Young Man Struggles With Senseless World
June 10, 2011
I live in southern Minnesota in a small town of about five thousand. I have lived a pretty isolated life out in the country and considered myself to be an observer in life rather than someone who has lived it.
I don't have a post high school education background. I actually was going to a community college for a semester before I cancelled my courses due to personal reasons. I guess I was never sure what I wanted to be and I could never seriously apply myself due to lack of interest. I was probably one of those kids who suffered from the elites agenda to break up the family unit more that I think about it.
I never had a father figure growing up so I didn't have a firm hand. I was basically allowed to do anything I wanted and looking back I realized I needed structure and someone to teach me about responsibility. I needed a father that would sit me down at a young age and instill into me what it meant to be a man. I guess basically I didn't have a father figure to teach me how to be a man.
My biological mother wasn't the best at picking and choosing them to say the least. I guess I never really had a passion in life that I was aware of until recently. I like to write. My sentence structure is horrible and could use some tuning, but I know I like to write.
I know as of right now my first priority is just getting a job and some income, because its hard to live without that. I figure I don't need that much, because I figure the more you know the less you need. I can easily live comfortably without the luxuries of life that people chase.
I am currently single. Have been for a while. Alot of the girls my age just don't interest me whatsoever and the things they look for in a man. It took me a while to realize why things with me failed with the last girl I was with. She always preferred the guys who were control freaks and I think she liked getting bullied around.
Her previous boyfriend and her would always get into fights. I honestly think she liked it as crazy as it sounds. I think she liked men who were just assholes to her and never let her have free range. I honestly think its, because she didn't know her biological father and she has psychological issues. I wasn't the demanding type. I gave her space. I am a pretty chill passive guy. I think she likes the aggressive types.
Its been a little over a year now since my awakening. It happened in a rather peculiar way. I was listening to a 2pac(rap artist) song and a verse in his song caught my ear. The verse was, "some say they expect Illuminati to take my body to sleep."
I wondered what in Gods name was the 'Illuminati'. So out of curiosity I urban-dictionaried it and there was all this talk about a mega elite that controls the world.

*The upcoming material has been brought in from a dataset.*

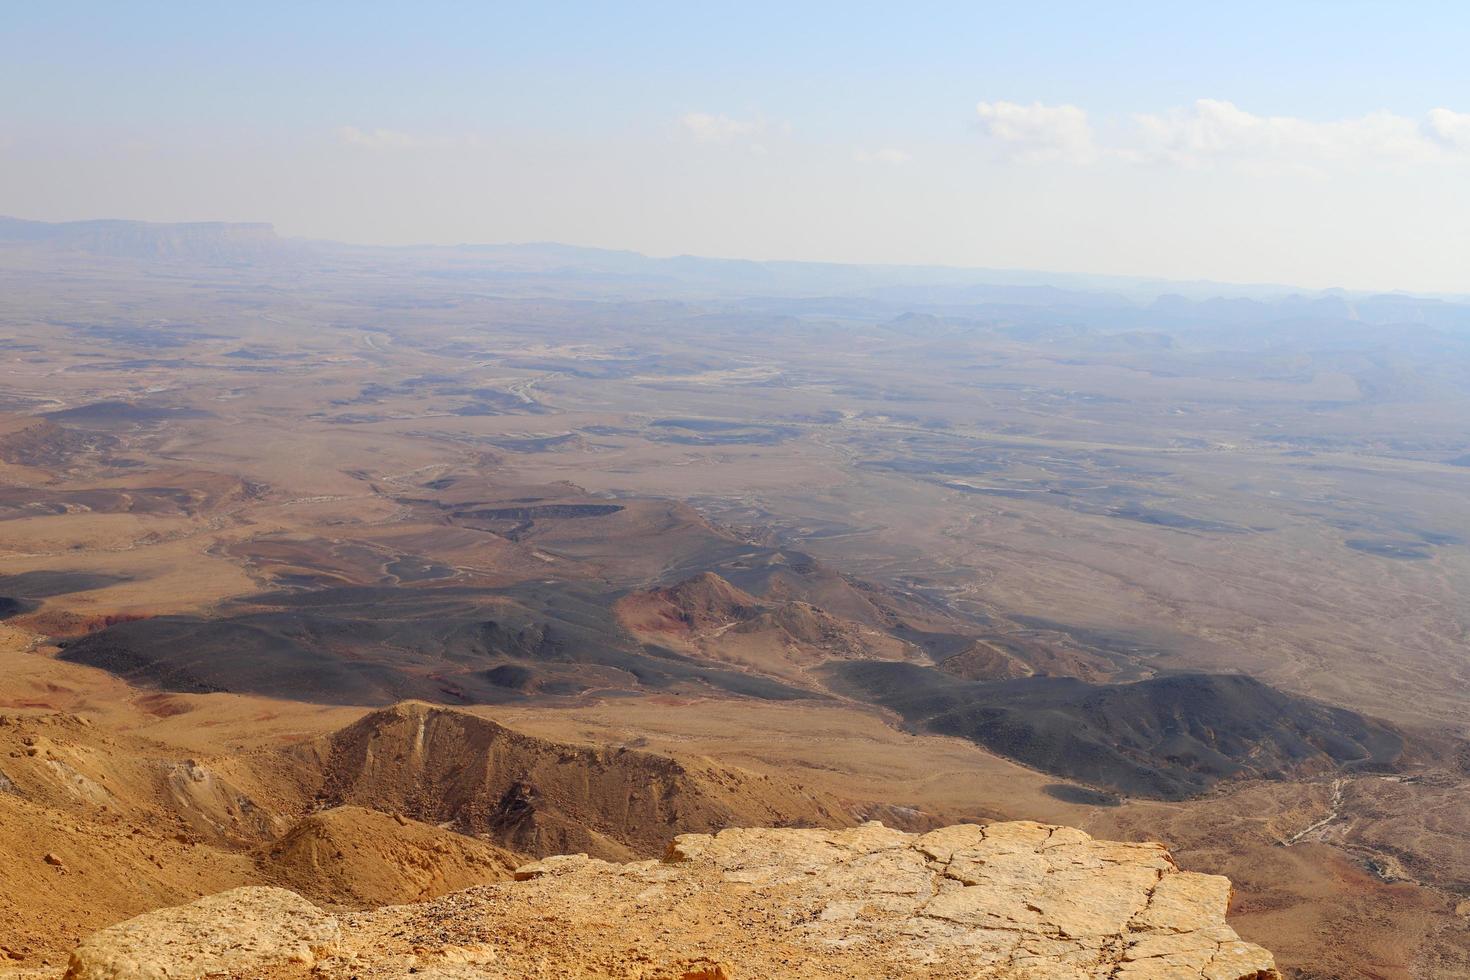 mitzpe ramon israel 1 de novembro de 2019. a cratera ramon é uma cratera de erosão no deserto de negev, no sul de israel. foto

It was a new concept to me. So then I you-tubed the word and I am sure you can imagine the type of stuff that popped up. I was rather blown away by some of the videos and that lead me to further investigate. I have about 7 books on the matter. I have your book, Illuminati, as well as Circle of Intrigue (Texe Marrs), Bloodlines of the Illuminati (Fritz Springmeier), Rise of the Fourth Reich (Jim Marrs), The Resistance Manifesto (Mark Dice), and the newest to my collection - Psychological Warfare and the New World Order. Its fairly new and very well documented. As a researcher you would enjoy it. Its gotten allot of great reviews.
Anyway, sorry for going off topic a little bit. I love your articles on Feminism and Social Engineering for the most part. You're right when you claim the great majority of Americans suffer from Identity Crisis. It seems that people want to live as a manufactured cartoon character that is glorified in the movies.
The males want to be a Steve Stiffler from American Pie (movie) and the women want to be the Marilyn Manson. As a male I can completely see the degenerate and stifling impact social engineering has had on society.
Kids are growing up more dysfunctional then ever and they chase roads that lead to self destruction thanks to Hollywood. The family unit is being destroyed as kids grow up without parents. People cant even realize that the discontent in their life ultimately stems from a manipulative elite that is undermining their chances at spiritual growth along with piece and prosperity.